Fri, Sep 22, 2006 - Page 17 News List

Buildinga tower of song

By Stephen Holden  /  NY TIMES SERVICE , NEW YORK

He's your man.


When Leonard Cohen speaks, the elevated cadences of language are strewn with poetic images so precisely articulated in a rumbling bass-baritone voice that they all but erase the distinction between his song lyrics and personal conversation. Each word is carefully chosen and pronounced with oratorical flourish. Even when his sepulchral drone isn’t bending itself around a melody, its sound is musical.

Here is one sample of his conversational style, from Lian Lunson’s wonderful documentary portrait, Leonard Cohen: I’m Your Man. Reflecting on the inspiration for his song The Traitor, he muses that it is about “failing or betraying some mission you were mandated to fulfill and being unable to fulfill it and then coming to understand that the real mandate was not to fulfill it but to stand guiltless in the predicament in which you found yourself.”

If a strain of gallows humor didn’t underlie many of Cohen’s pronouncements, such observations might sound insufferably pretentious. But he continually undercuts his own solemnity. Here is he is on his own mystique as a silver-tongued Casanova: “My reputation as a ladies’ man was a joke. It caused me to laugh bitterly the 10,000 nights I spent alone.”

Leonard Cohen: I’m Your Man combines pieces of an extended interview with this Canadian singer-songwriter, poet and author, now 71, with a tribute concert organized by Hal Willner at the Sydney Opera House in January 2005. Titled Came So Far for Beauty (after a Cohen song), the event featured performances of many of Cohen’s best-known songs by Nick Cave, Rufus Wainwright, Kate and Anna McGarrigle, Martha Wainwright and Antony (of Antony and the Johnsons), among others.

Film Notes

Leonard Cohen: I'm Your Man

Directed by: Lian Lunson

Music by: Leonard Cohen

Performed: by Nick Cave, Kate and Anna McGarrigle, Rufus Wainwright, Martha Wainwright, Antony, Linda Thompson, the Handsome Family, Beth Orton, Teddy Thompson, Jarvis Cocker, Perla Batalla, Julie Christensen, Joan Wasser, U2

Running time: 104 minutes.

Taiwan release: Today

Some of the performers offer pungent personal comments.
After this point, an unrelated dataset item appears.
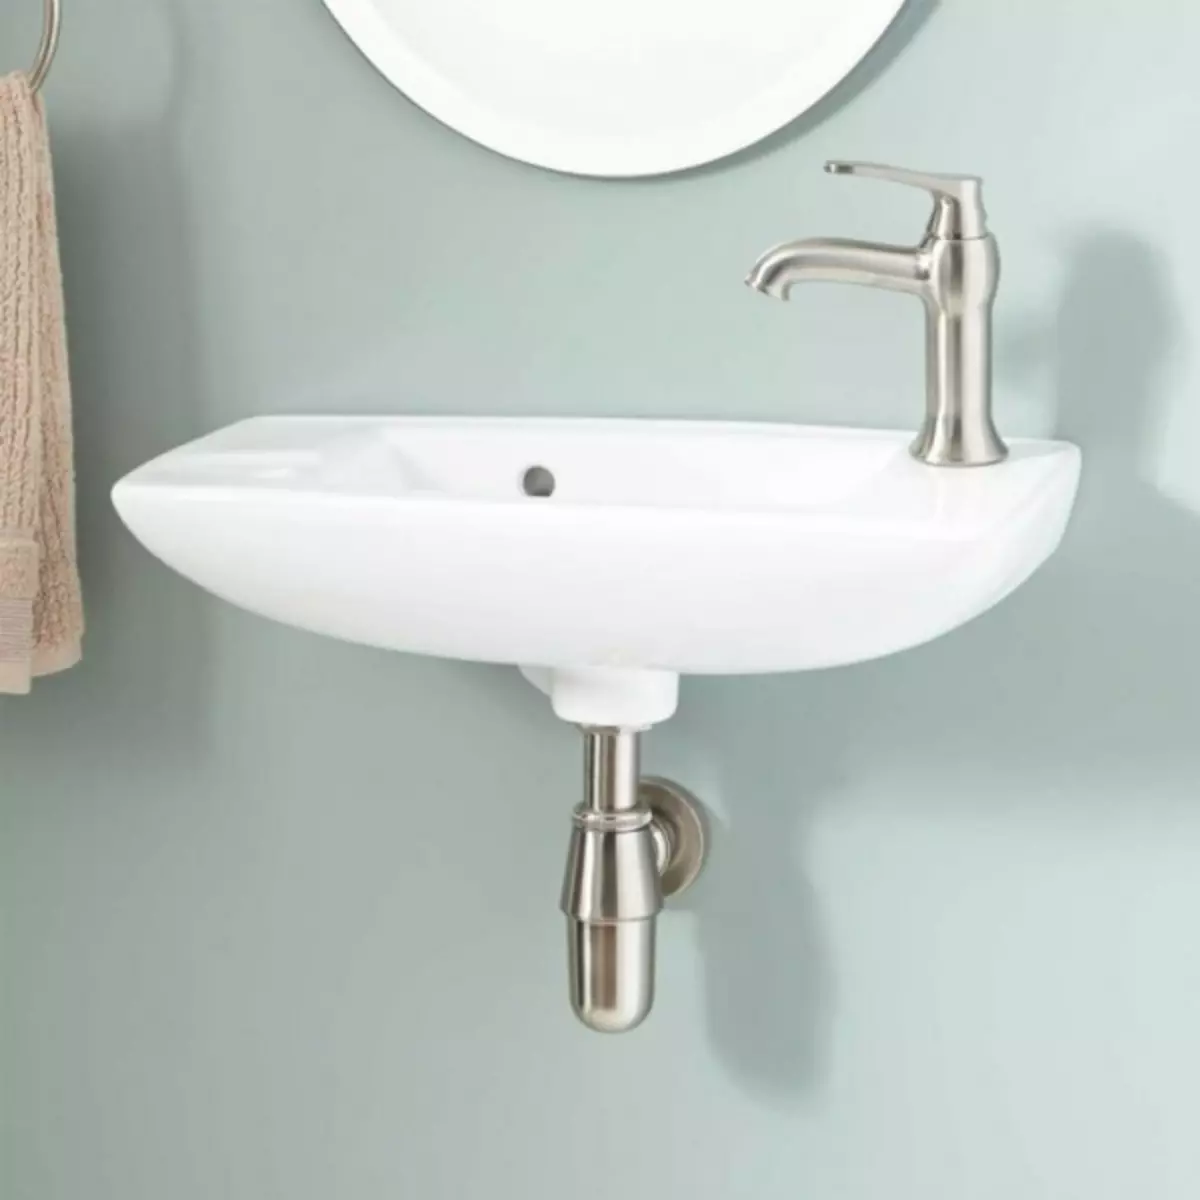 Bathroom sink - 105 photos of the best new products from the catalog

Cave recalls discovering Cohen’s Songs of Love and Hate album while living in a remote Australian town and suddenly “feeling like the coolest person in the world because it separated me from everyone and everything I detested.”
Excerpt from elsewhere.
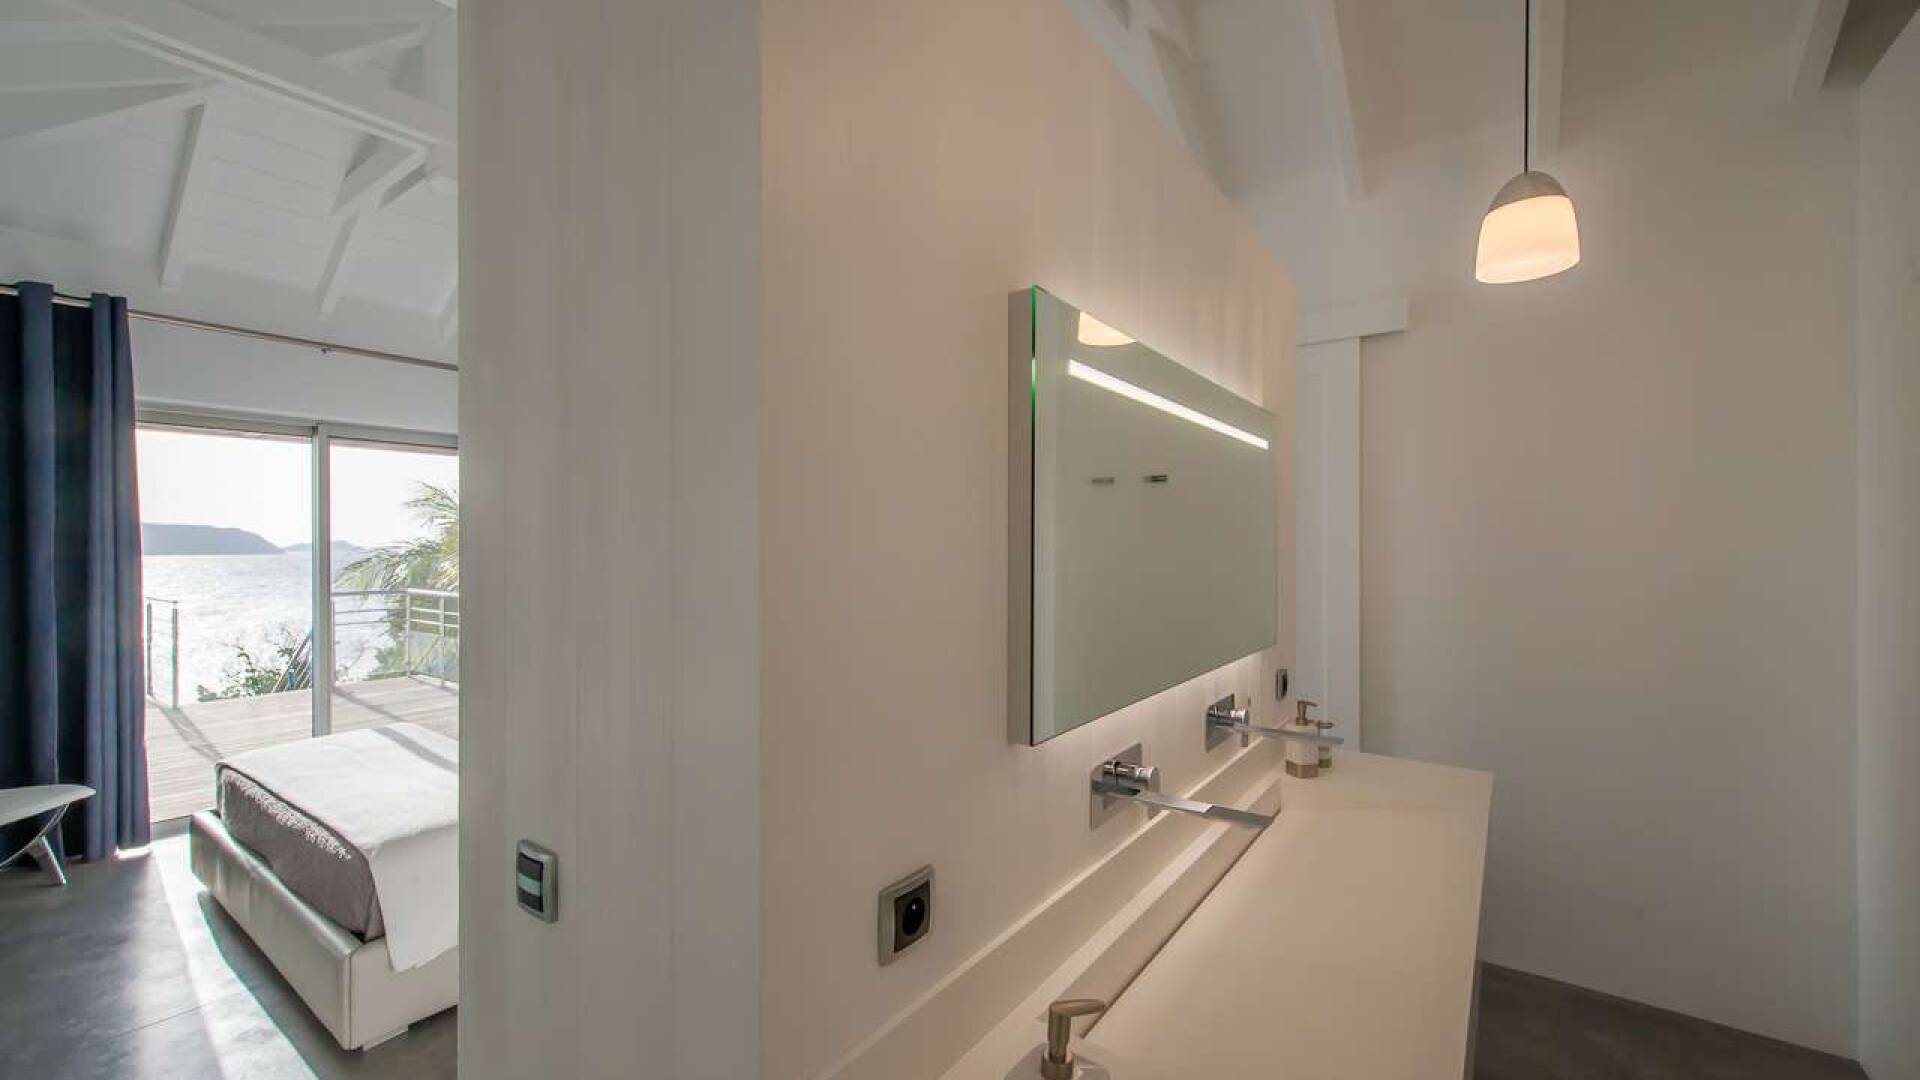 Bathroom at WV VPM, Pointe Milou, St. Barthelemy

Bono and Edge from U2, who did not participate in the Sydney event, offer extravagant tributes and near the end of the film are shown accompanying Cohen in a New York club performance of Tower of Song. Edge likens him to “the man coming down from the mountaintop with tablets of stone having been up there talking to the angels.”

Bono observes, “As dark as he gets, you still sense that beauty is truth.”

Wainwright, who performs more songs than any other guest, sings Everybody Knows, Chelsea Hotel No. 2 (Cohen’s self-deprecating and indiscreet reminiscence of a sexual encounter with Janis Joplin), and Hallelujah (the Cohen song Wainwright and Jeff Buckley have made something of a downtown standard).

Two of the other more memorable performances come from Antony, who cries out If It Be Your Will in an eerie, shivering falsetto, and Teddy Thompson (son of Richard and Linda), who stamps the more obscure Cohen song Tonight Will Be Fine with the concert’s most intense vocal.

Reflecting on his life and work, Cohen recalls first encountering poetry in the Jewish liturgy at a synagogue. Some of his more recent recollections are of a purgative sojourn in a Zen monastery during the 1990’s on Mount Baldy, where he studied with a Japanese Zen master.

But a Zen-like austerity has always been present in his writing. A Zen spirit also informs his modest self-assessment of his life’s work.